Video screens are made up of hundreds of thousands of pixels that display different colors to form the images. With current technology, each of these pixels contains three subpixels — one red, one green, and one blue. A new method was developed to tune the color of the subpixels. The new color-changing surface could lead to three times the resolution for televisions, smartphones, and other devices.

By applying differing voltages, the color of individual subpixels can be changed to red, green, or blue — the RGB scale — or gradations in between; for example, a red subpixel can be changed to blue. Traditional displays require three static color filters to show the full RGB color; in the new display, a single subpixel-less pixel can be tuned across a given color gamut.

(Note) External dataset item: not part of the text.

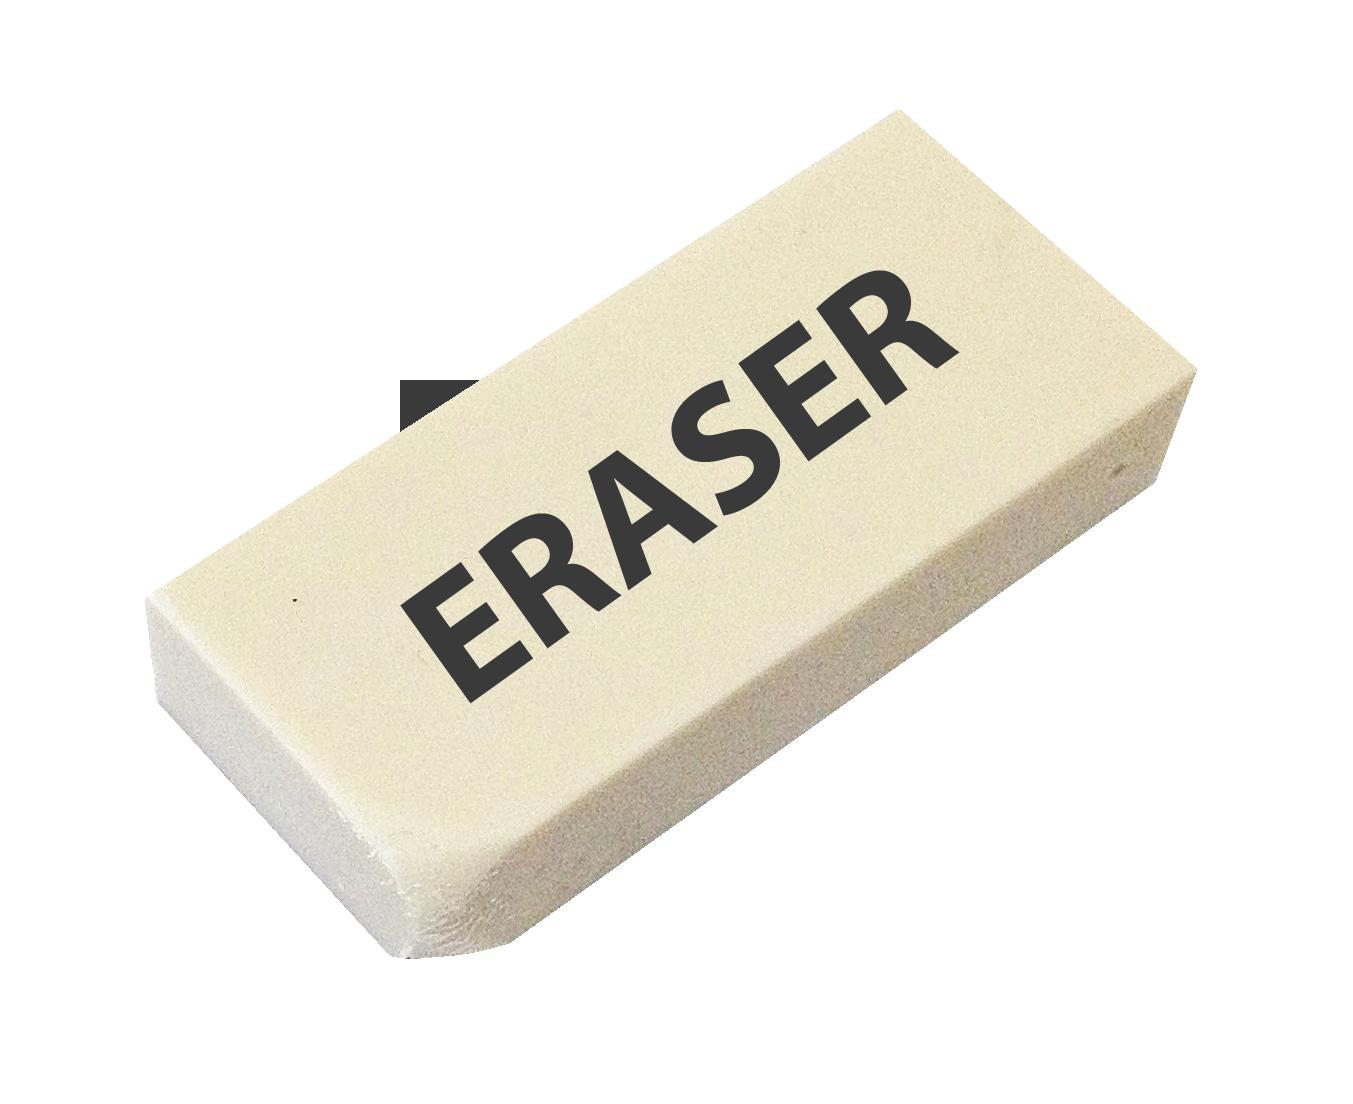 clipart download Eraser PNG Transparent Image

By eliminating the three static subpixels that currently make up every pixel, the size of individual pixels can be reduced by three. Three times as many pixels means three times the resolution. That would have major implications for augmented reality and virtual reality headsets that need very high resolution because they’re so close to the eye. And because there would no longer be a need to turn off some subpixels to display a solid color, the brightness of screens could be much greater.

The inventors created an embossed nanostructure surface resembling an egg crate, covered with a skin of reflective aluminum. Several variations of this nanostructure were required to achieve the full range of colors. Modifying the roughness of the surface allowed a full range of colors to be achieved with a single nanostructure. The nanostructure surface can be easily integrated with existing display technology, so the underlying hardware wouldn’t need to be replaced or re-engineered.